Restorative Justice Bagi Pelaku Penyalahgunaan Narkotika

Restorative Justice adalah suatu konsep pemikiran yang sedang berkembang dalam masyarakat sebagai pendekatan modern dalam hukum pidana. Konsep ini muncul sebagai tanggapan terhadap pendekatan retributif justice dan sistem criminal justice yang dianggap tidak memuaskan rasa keadilan masyarakat. Keadilan restoratif, seperti yang dikenal dalam Bahasa Indonesia, telah diakomodasi dalam hukum nasional dalam bentuk yang terbatas. Undang-Undang Nomor 11 Tahun 2012 tentang Sistem Peradilan Pidana Anak mengatur pendekatan restorative justice dalam penanganan tindak pidana anak, yang disebut diversi. Selain itu, Peraturan Kejaksaan Nomor 15 Tahun 2020 dan Peraturan Kepolisian Negara Republik Indonesia Nomor 08 Tahun 2021 juga mengatur tentang pendekatan restorative justice.

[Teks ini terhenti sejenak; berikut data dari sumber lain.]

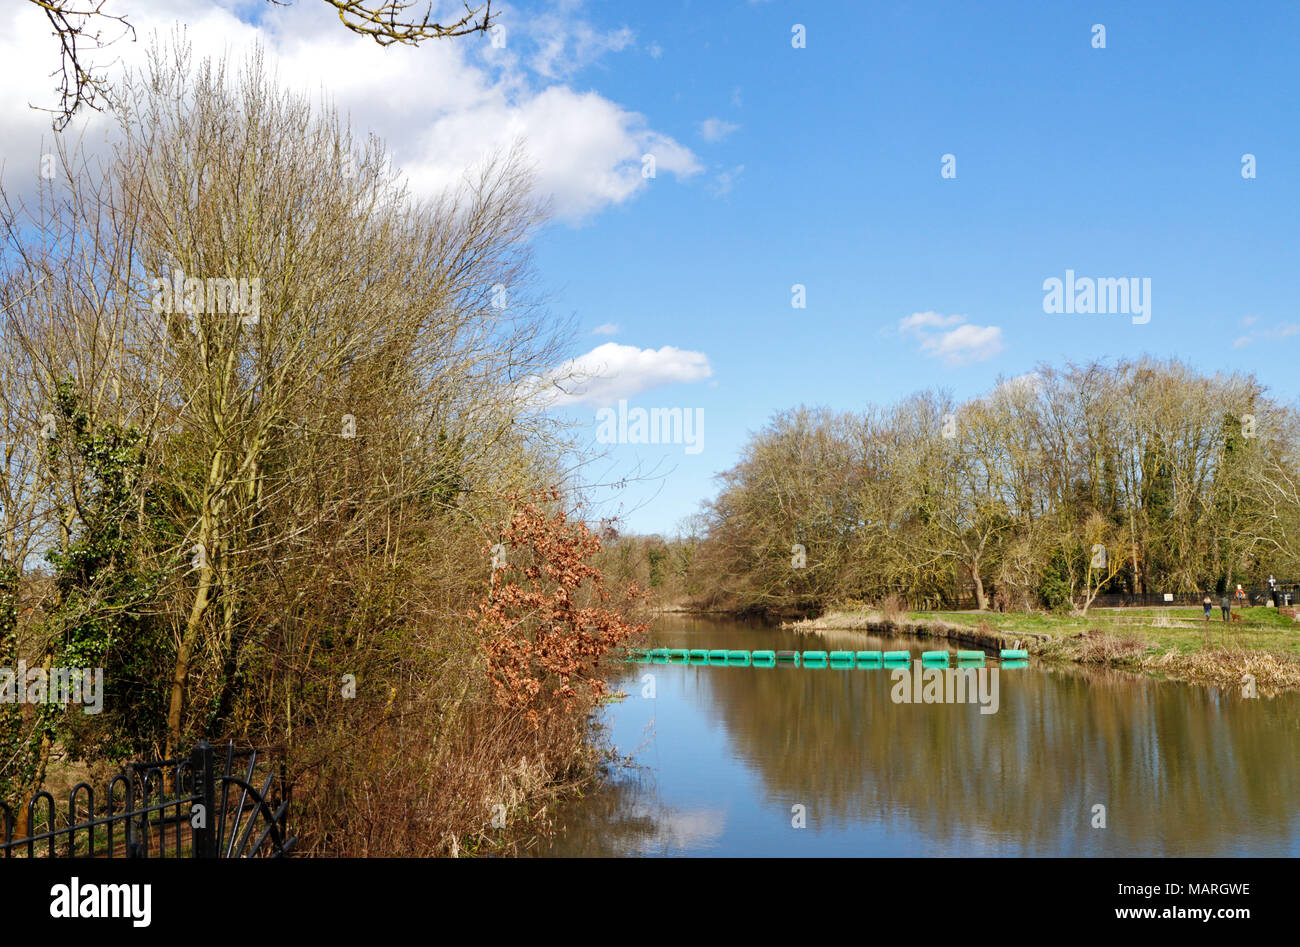 A view of the River Bure upstream of the former watermill at Horstead on the Norfolk Broads near Coltishall, Norfolk, England, United Kingdom, Europe. Stock Photo

Penerapan restorative justice biasanya dilakukan dengan menghadapkan pelaku dan korban agar dapat mencapai kesepakatan mengenai pemaafan dan besaran ganti rugi bagi korban guna memulihkan keadaan semula. Namun, muncul pertanyaan mengenai bagaimana penerapan pendekatan restorative justice pada tindak pidana penyalahgunaan narkotika, yang pada hakikatnya adalah “victimless crime”.

Dalam sebuah diskusi yang dilakukan oleh Fakultas Hukum Universitas Airlangga bersama Delegasi dari Pusat Penelitian dan Pengembangan Hukum dan Peradilan Mahkamah Agung Republik Indonesia, pembahasan mengenai hal tersebut tampaknya telah dilakukan. Pendekatan restorative justice dikaji berdasarkan definisi Pasal 1 angka 6 Undang-Undang Nomor 11 Tahun 2012, yang menekankan pada penyelesaian konflik dan memberikan pemahaman kepada pelaku bahwa perilakunya tidak dapat dibenarkan, sekaligus mendukung dan menghormati individu.

Diskusi juga mengulas konsep dasar penyalahgunaan narkotika berdasarkan Pasal 1 angka 15 Undang-Undang Nomor 35 Tahun 2009 tentang Narkotika. Dalam konteks ini, rehabilitasi dipertimbangkan hanya bagi pecandu dan korban penyalahgunaan narkotika, sedangkan bagi mereka yang memiliki dan menguasai narkotika, rehabilitasi tidak diwajibkan. Hal ini menimbulkan kerancuan bagi penegak hukum dalam mengimplementasikan pasal yang tepat.

Dalam aspek filosofis, restorative justice menekankan pemenuhan keadilan yang mengembalikan pada kondisi sebelum tindak pidana terjadi, sementara pendekatan pemidanaan menekankan pada keadilan retributif dan resosialisasi. Restorative justice juga menekankan pentingnya musyawarah dan partisipasi dalam menemukan solusi terbaik atas terjadinya tindak pidana, dengan memperhatikan kepentingan dan perlindungan korban serta tanggung jawab pelaku.

Namun, dalam praktiknya, rehabilitasi pada kasus penyalahgunaan narkotika masih dianggap sebagai bagian dari pemidanaan karena menganut asas double track system. Meskipun restorative justice dan rehabilitasi memiliki tujuan yang sama untuk memulihkan pelaku dan korban, restorative justice pada kasus penyalahgunaan narkotika lebih difokuskan pada aspek filosofisnya, yaitu mengembalikan kondisi pelaku sebagai korban dari tindakannya sendiri.